Practical considerations for plan sponsors
Employers currently providing or considering providing infertility benefits should:
- Coordinate with insurers to ensure separate-policy requirements and noncoordination criteria are satisfied for specified-disease coverage, where applicable.
- Confirm that hospital indemnity/fixed-indemnity benefits are paid on a per-period basis regardless of expenses incurred, and that other independent, noncoordinated conditions are met.
- Consider leveraging HRAs to reimburse a broad range of fertility-related out-of-pocket costs within annual dollar limits.
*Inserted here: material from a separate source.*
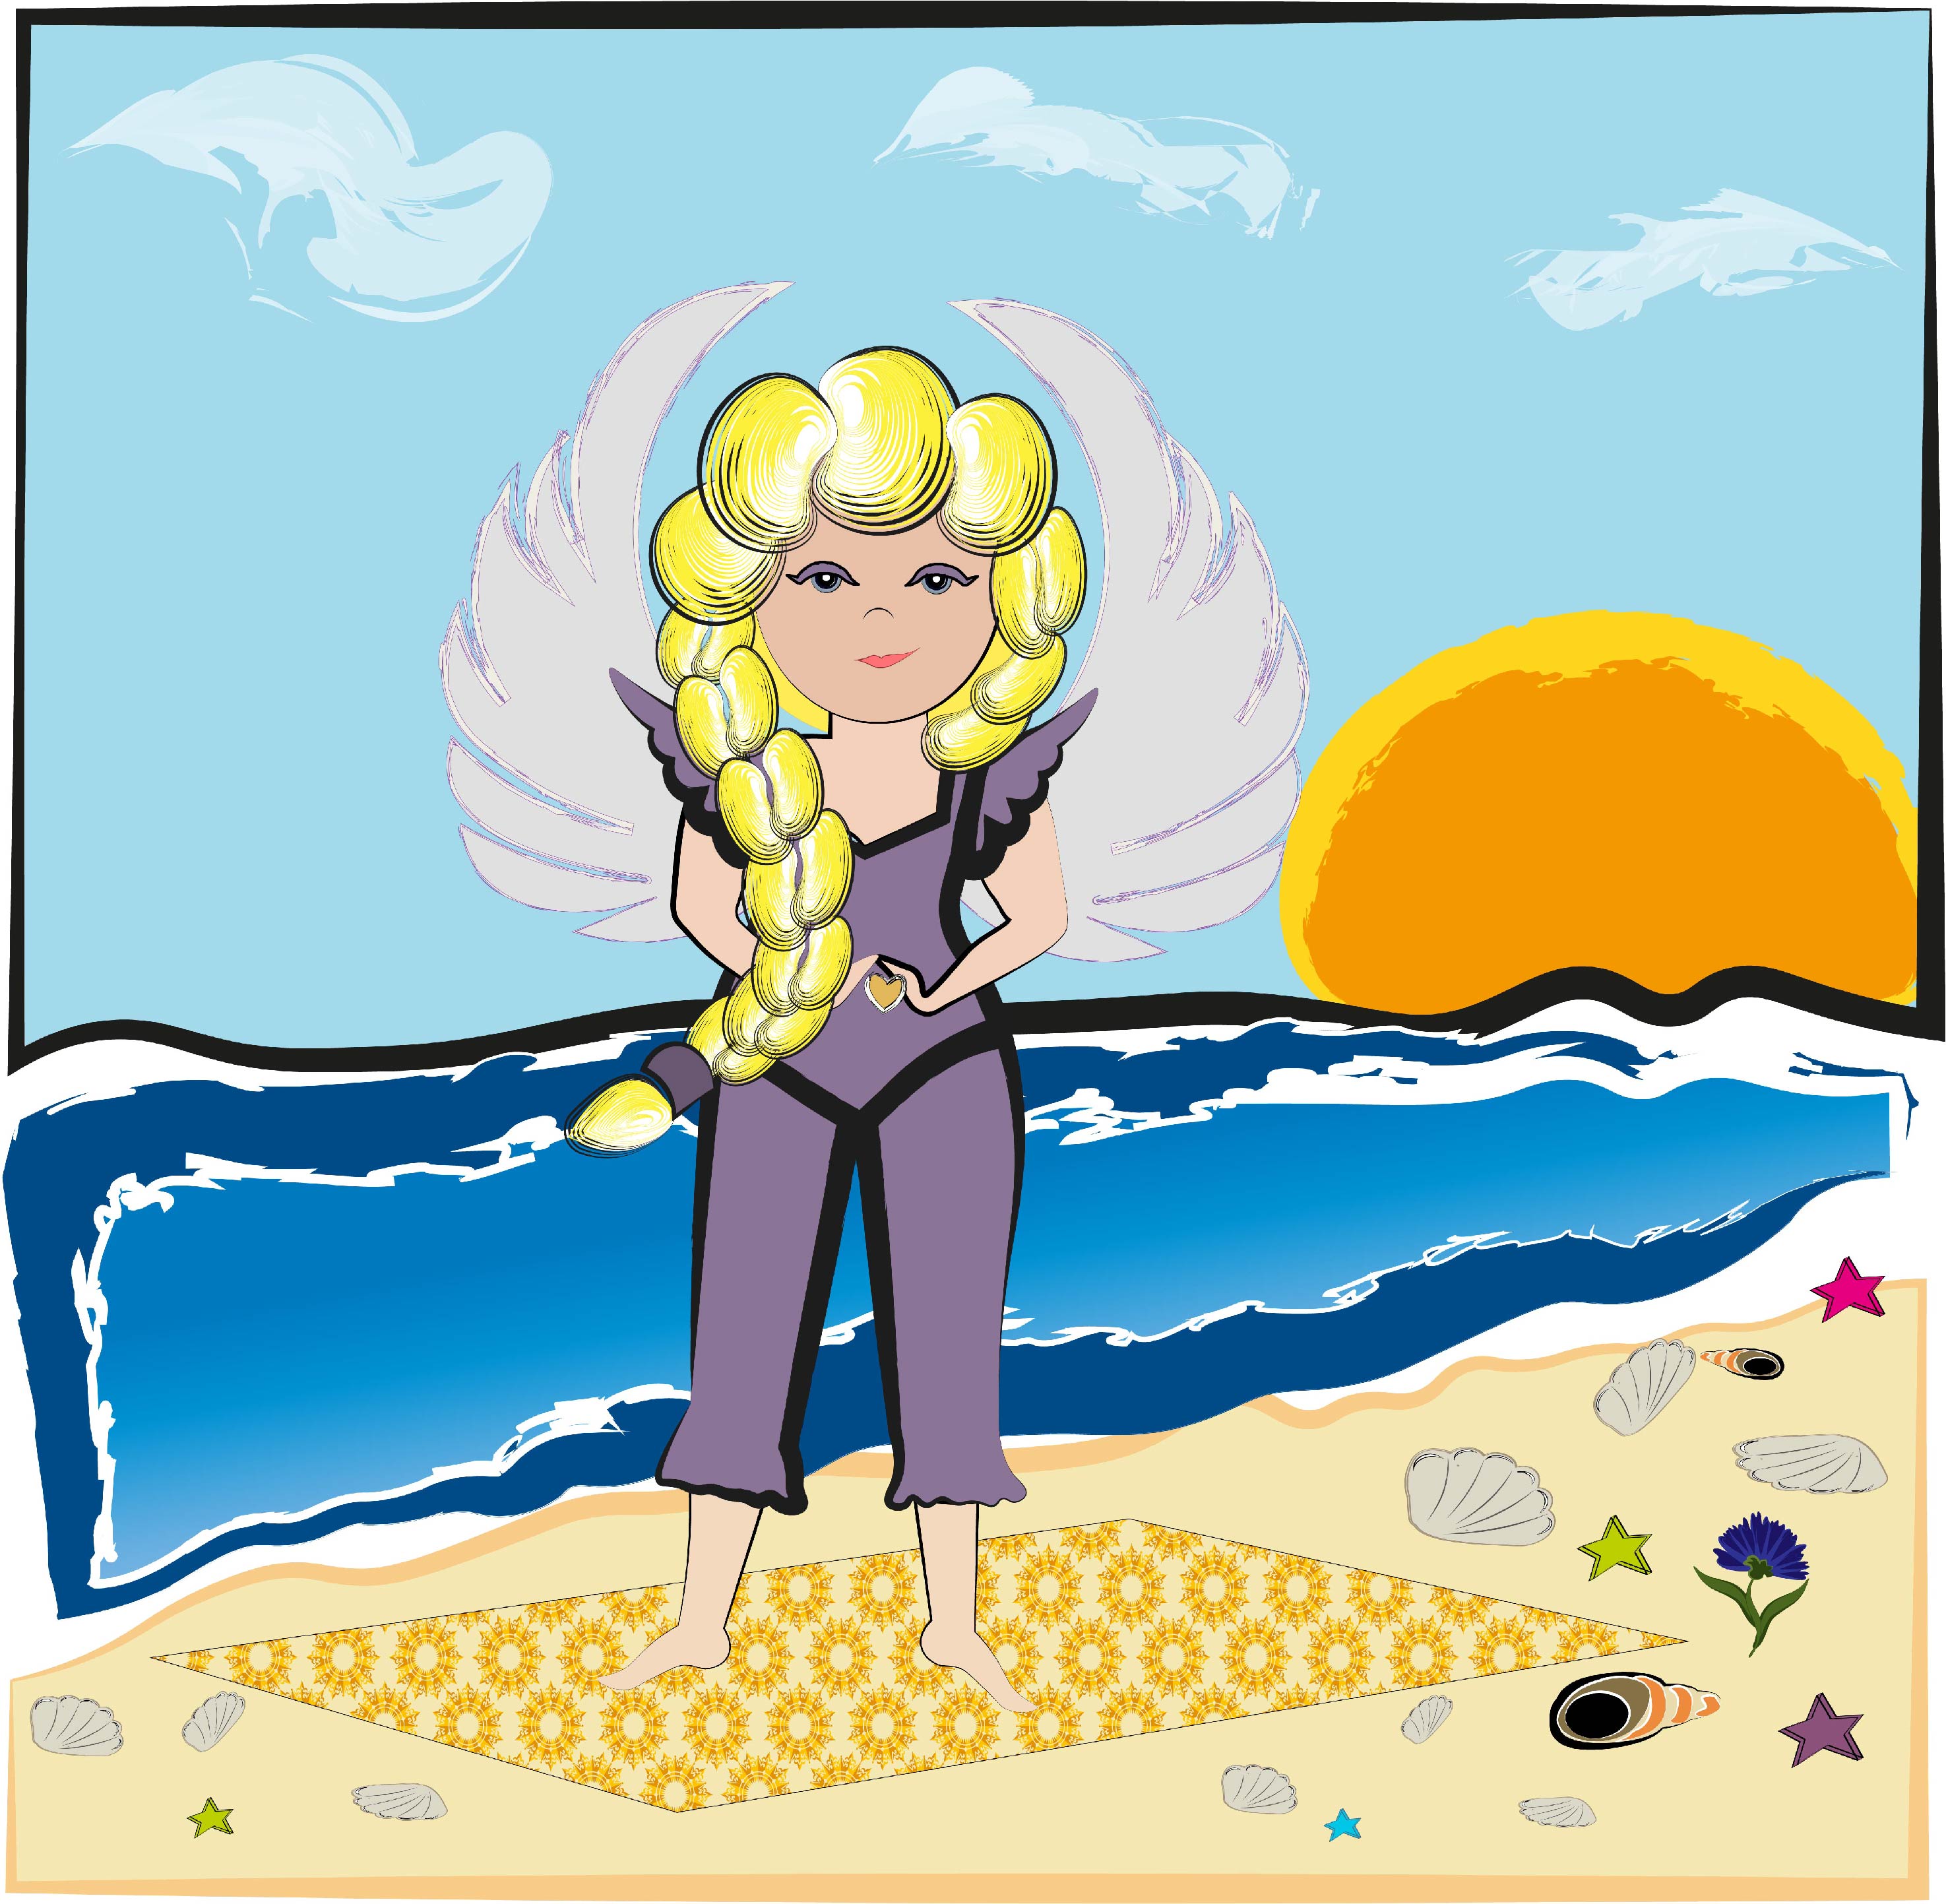 Cute Little Angel Character for Children's Fairy Tale, angel and sunset deign.

- Think about enhancing EAPs with fertility education, coaching, and navigation tools.
- Provide employees with clear disclosures and communications about eligibility, benefit scope, dollar limits, cost sharing (if any), and the relationship between excepted benefits and major medical coverage.
- Maintain plan documents and administrative procedures reflecting excepted benefit structures, including separate policy arrangements, uniform availability criteria, reimbursement prohibitions, and EAP coordination safeguards.
- Monitor forthcoming rulemaking that may broaden limited excepted benefit pathways for fertility coverage and consider how potential adjustments to supplemental-benefit value limitations could support wrap coverage or self-funding.
- Work with ERISA counsel to ensure all plan documentation accurately reflects fertility programs and eligibility requirements.